New tool enables target discovery for new class of diseases not yet mechanically understood

New-tool-enables-target-discovery-for-new-class-of-diseases.jpg
© Getty Images (Getty Images)

A new approach to discovering targets for Alzheimer’s and other neurodegenerative diseases has been presented by Insilico Medicine with the University of Cambridge, UK.
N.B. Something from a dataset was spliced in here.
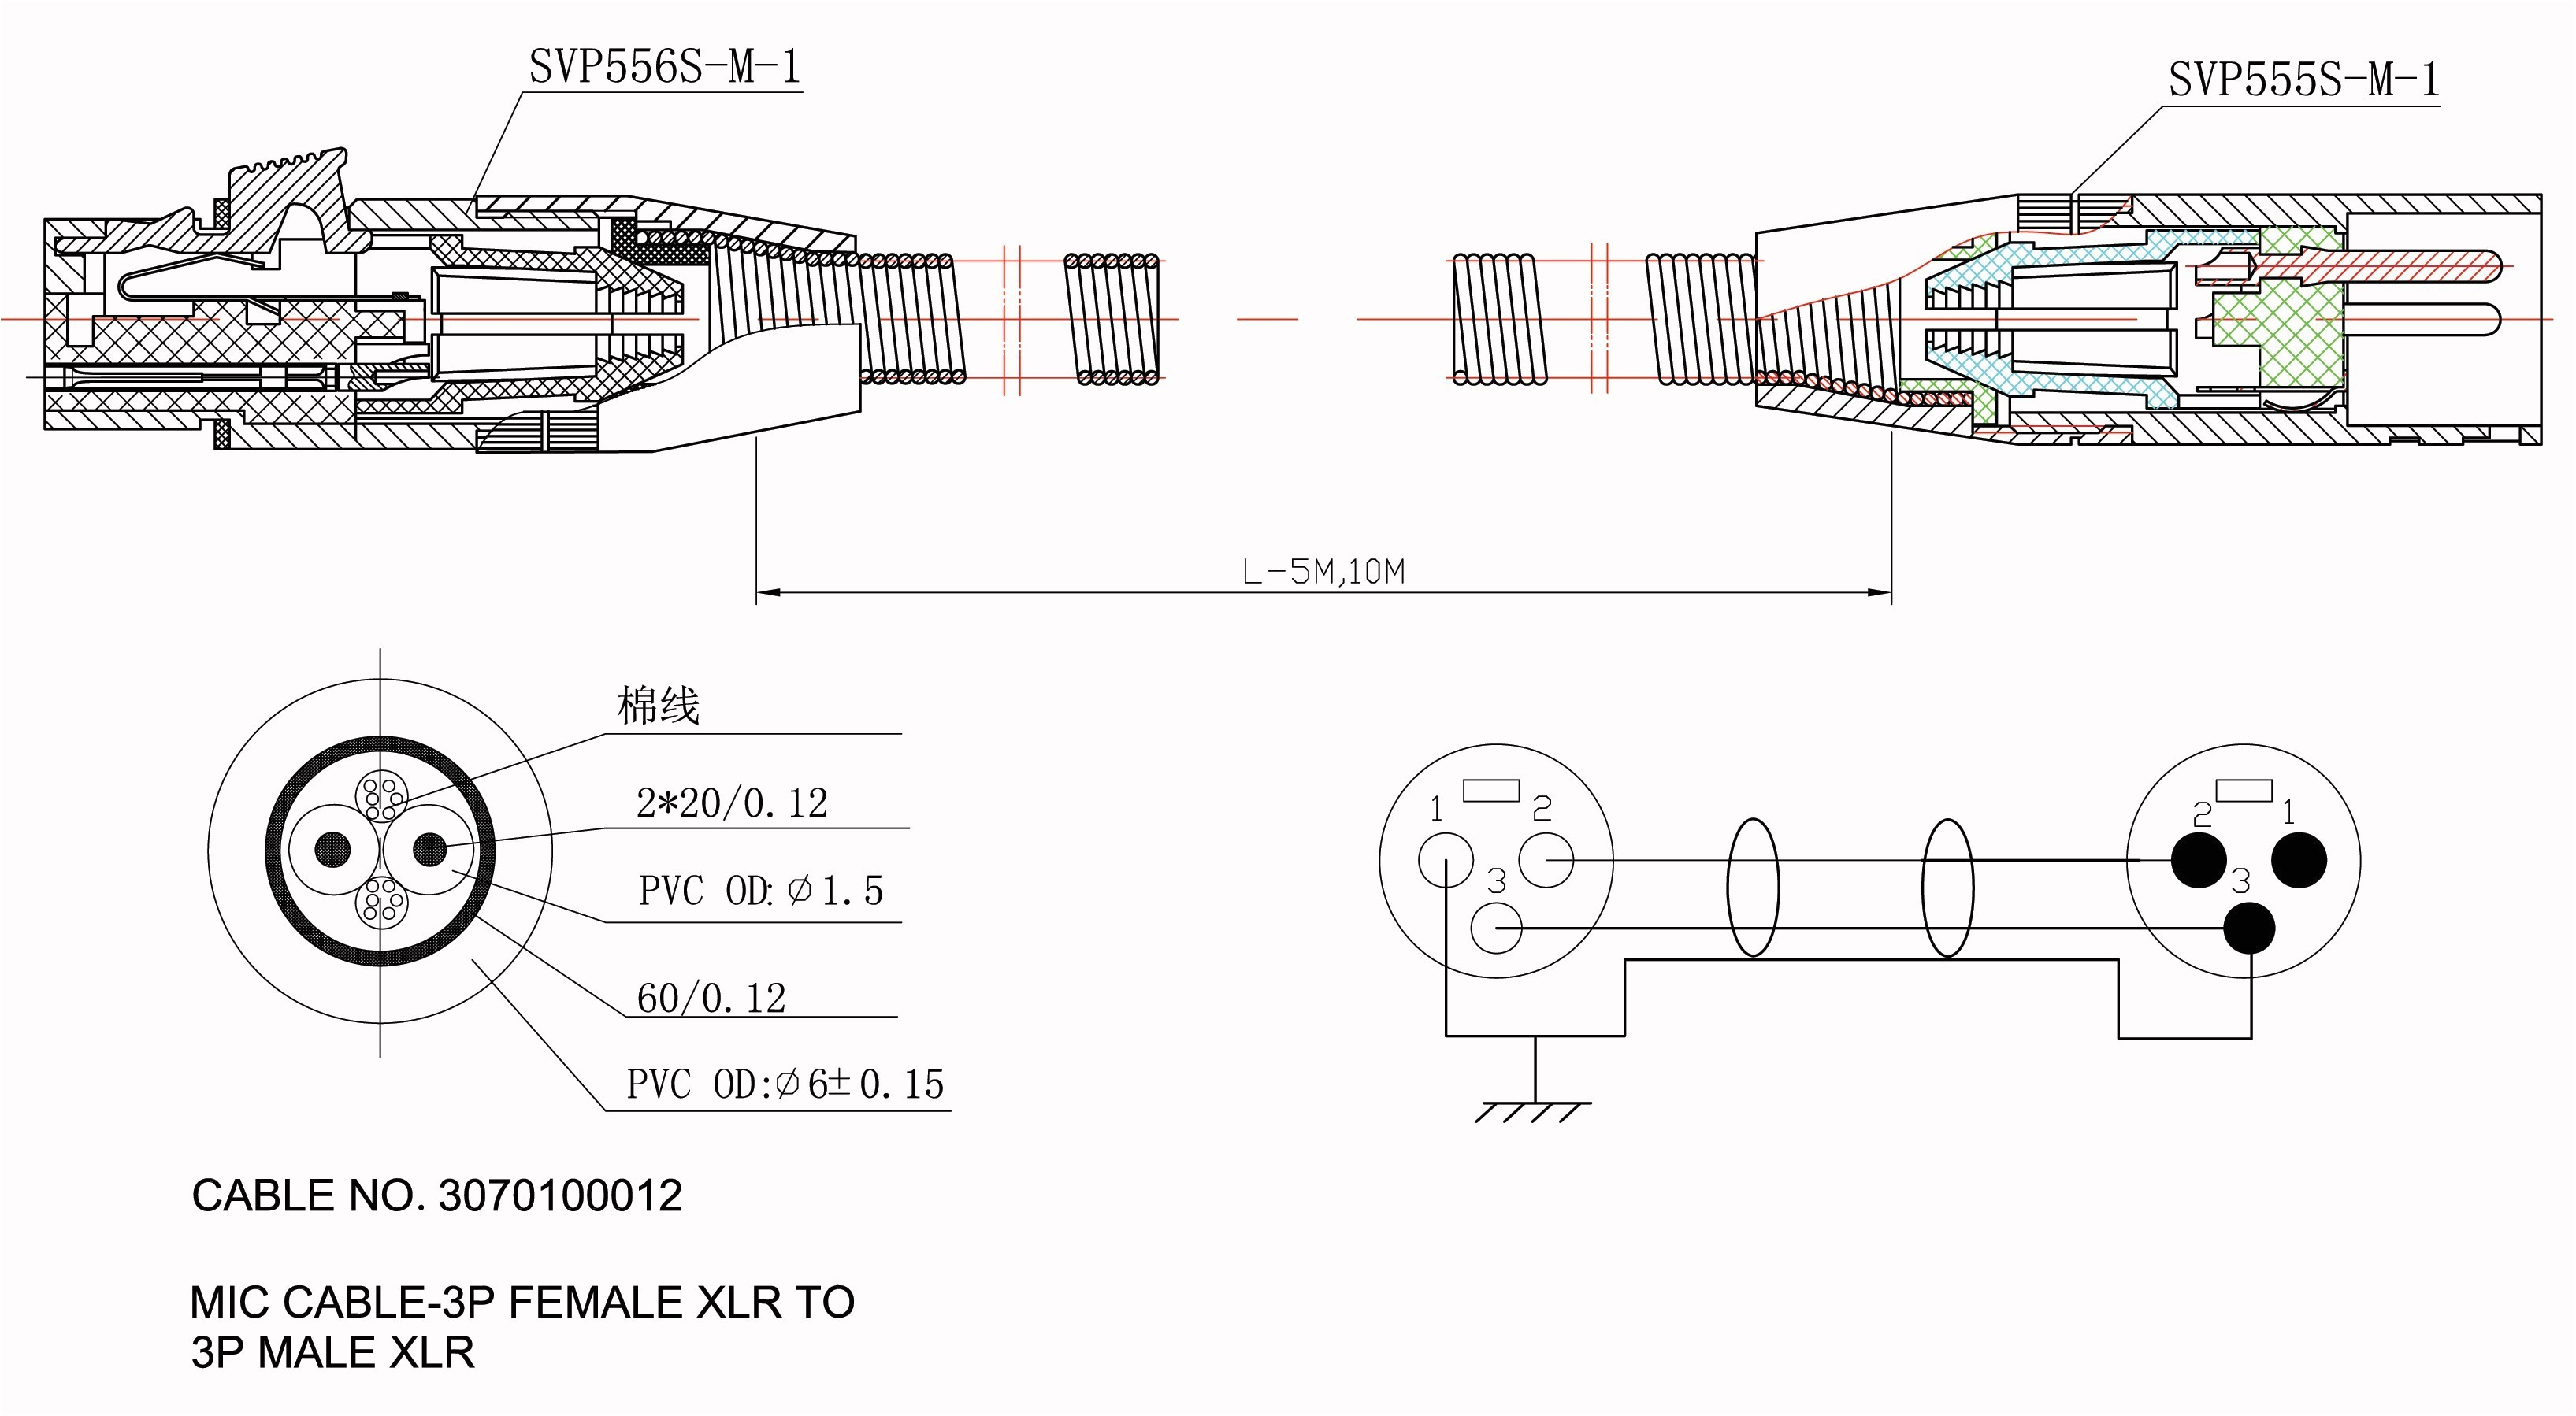 light bar wiring diagram agt manual e book code 3 led x 2100 wiring diagram

Insilico, a clinical-stage generative artificial intelligence (AI)-drive drug discovery company, says recent research demonstrates that protein phase separation (PPS) is widely present in cells and drives a range of important biological functions. PPS at the wrong place or time, it says, could create clogs or aggregates of molecules linked to neurodegenerative diseases, and poorly formed cellular condensates could contribute to cancers and may explain the ageing process.

An emerging link between human disease and the PPS process has led scientists to look for ways to identify potential targets for therapeutic interventions based on PPS regulation.

The university and Insilico have jointly published a paper in Proceedings of the National Academy of Sciences (PNAS), presenting an approach to identify therapeutic targets for human diseases associated with PPS. It recognizes a significant research milestone in their collaboration launched in September 2021, they say.

Protein separation prediction

In this study, researchers combined Insilico's proprietary artificial intelligence (AI)-driven target identification engine PandaOmics with the FuzDrop method for predicting protein separation to identify PPS-prone disease-associated proteins. PandaOmics integrates multiple omics and text-based AI bioinformatics models to assess the potential of proteins as therapeutic targets.

The FuzDrop is a pioneering tool introduced by Michele Vendruscolo’s group at the University of Cambridge, which calculates the propensity of a protein to undergo spontaneous phase separation, aiding in the identification of proteins prone to forming liquid-liquid phase-separated condensates.

“It has been challenging so far to understand the role of protein phase separation in cellular functions,” said Vendruscolo, co-director, Centre for Misfolding Diseases, Yusuf Hamied department of chemistry, University of Cambridge and lead author on the paper.

“Even more difficult has been to clarify the exact nature of its association with human disease. By working with Insilico Medicine, we have developed a multi-omic approach to systematically address this problem and identify a variety of possible targets for therapeutic intervention. We have thus provided a roadmap for researchers to navigate this complex terrain.” 

"The method described in the paper enables target discovery for a new class of diseases that have not been fully mechanistically understood yet. Until now, it has been challenging to identify actionable targets for drug discovery companies in this space -- this provides a new tool for finding them."

Large scale multi-omic study

Using this approach, the researchers conducted a large-scale multi-omic study of human sample data, quantified the relative impact of PPS in regulating various pathological processes associated with human disease, prioritized candidates with high PandaOmics and FuzDrop scores, and generated a list of possible therapeutic targets for human diseases linked with PPS.

Researchers validated the differential phase separation behaviors of three predicted Alzheimer’s disease targets (MARCKS, CAMKK2 and p62) in two cell models of Alzheimer’s disease, which provides experimental validation for the involvement of these predicted targets in Alzheimer's disease and support their potential as therapeutic targets. By modulating the formation and behavior of these condensates, it may be possible to develop novel interventions to mitigate the pathological processes associated with Alzheimer's disease.

“We are pleased to reach this milestone in our collaboration with the University of Cambridge,” said Frank Pun, head of Insilico Medicine Hong Kong, and co-author of the paper.

“The study is intended to provide initial directions for targeting PPS-prone disease-associated proteins. With ongoing technical advancements in studying the PPS process, coupled with growing data about its roles in both cellular function and dysfunction, it is now possible to comprehend the causal relationship between PPS targets and diseases. We anticipate facilitating the translation of this preclinical research into novel therapeutic interventions in the near future.”